3) your drawing object should really only be reading things. It shouldn't ever need to modify an object related object (such as where the towers/pieces are ie the board) its simply to read whats going on, and draw it - eg:

for (int row = 0; row < 8; row++){ // declairing row/col here will make things clearer
  for(int col=0; col < 8; col++){  // in the long run
     if (board[row][col] == BLUE)
     {
         g.setColor(Color.red);
     }
     else if (board[row][col] == WHITE)
     {
         g.setColor(Color.black);
     }
     if (board[row][col] != BLANK)
     {
        drawCounter(row,col);
     }
}

It's probably worth doing to build a few strategy games in the command line before you try to combine strategy and GUI programming.

Othello isn't too hard to implement, and you can even make the computer play a respectable game. Try playing that on the command line (drawing a new board for each move) and writing it so it can be extended to a GUI. (ie, separating the rendering from the logic). Then, when you have it working on the command line, figure out how to extend it to a GUI.

This would require you to think of the user interface as an object. One way to do this would be to think about what sorts of things the logic of the program is going to need the interface to do for it. For example, you might want it to get a move from the player. You don't want "get a move" to put that move on the screen, because it might not be a valid move, so maybe you want it to "display a move" (for Othello, that would be a pair of coordinates and a player ID, white or black). "Display a move" in othello might involve flipping other pieces - in fact, it'll have to. Probably you want a way to tell the interface to redraw the board to reflect flipped pieces. It might be easiest to do this by just passing a new grid to your interface, you'll have to think about it.
You'll also maybe want to be able to reject a move - if someone tries a play that doesn't flip an opposing piece, for example. This would tell the UI to prompt the player for a better move.

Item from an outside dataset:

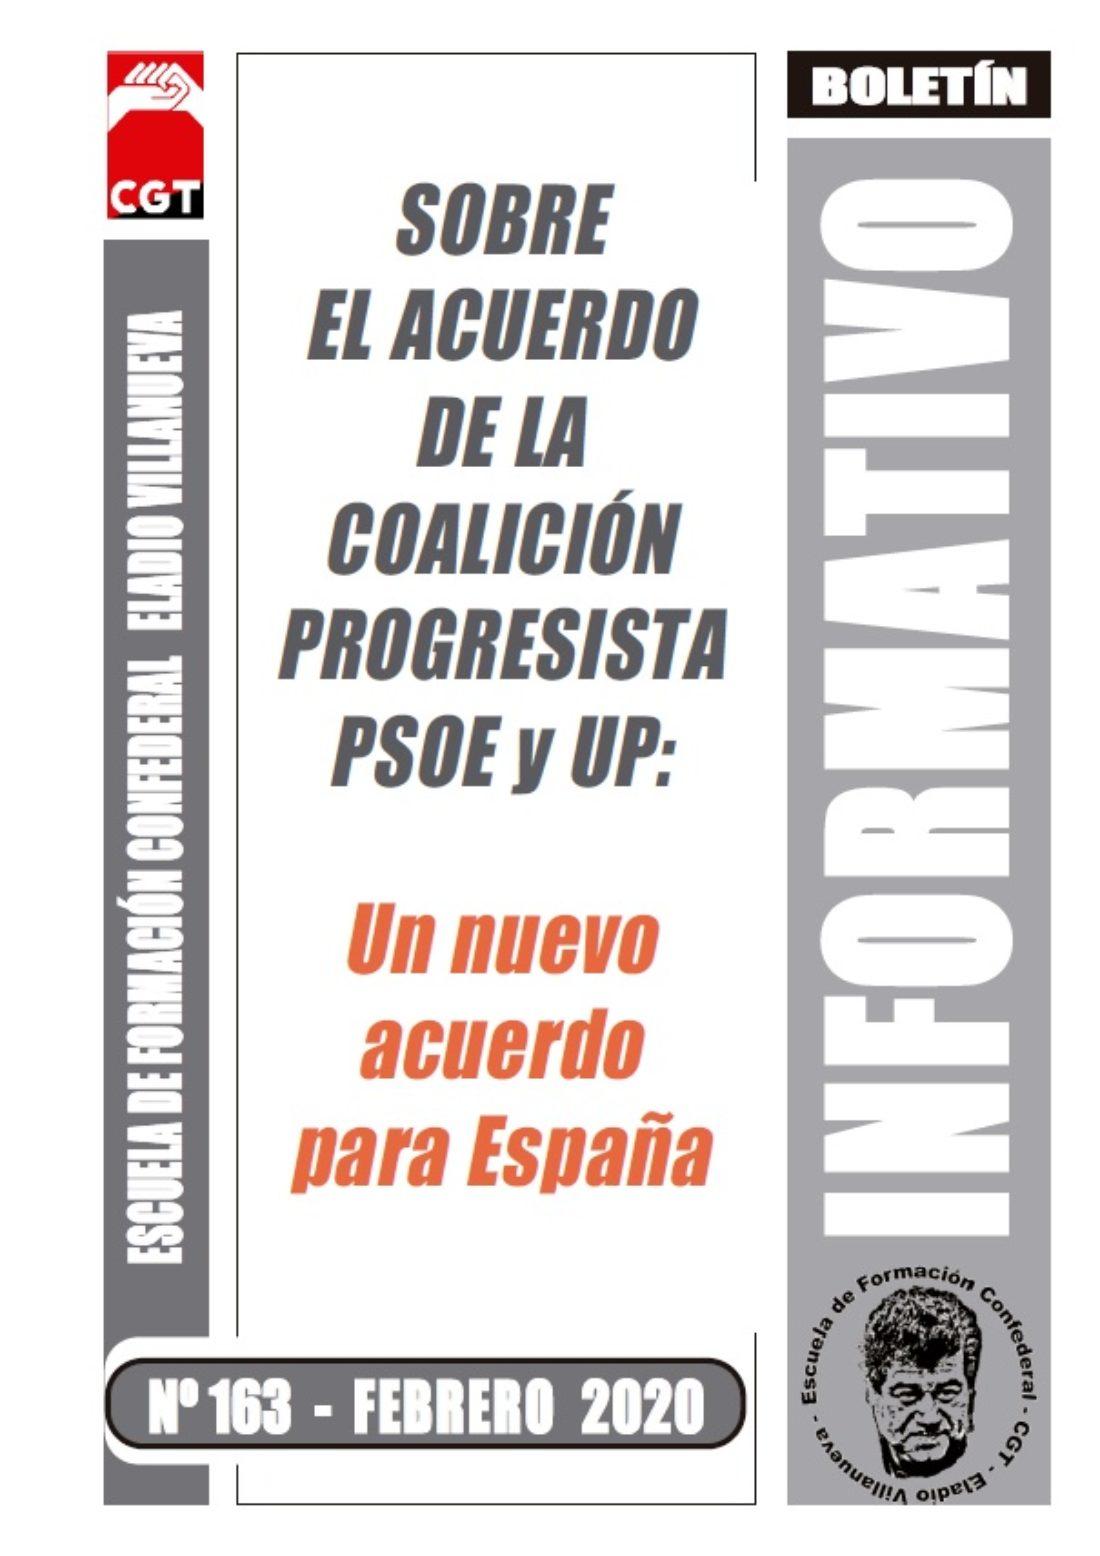 Boletín 163: Sobre el acuerdo de la coalición progresista PSOE y UP: Un nuevo acuerdo para España

Notice how none of this tells the interface how to display the board or what sort of input it should accept - you can implement this on a CLI, or on a GUI, or on some speaking device for the visually not-as-able, it doesn't matter. It also keeps the interface from ever thinking about the rules of the game - the interface doesn't care, and it shouldn't (any more than you want a chess board to know the rules of chess).

You'll probably find your tower game easier to program if you try a few simpler things first, as I said before.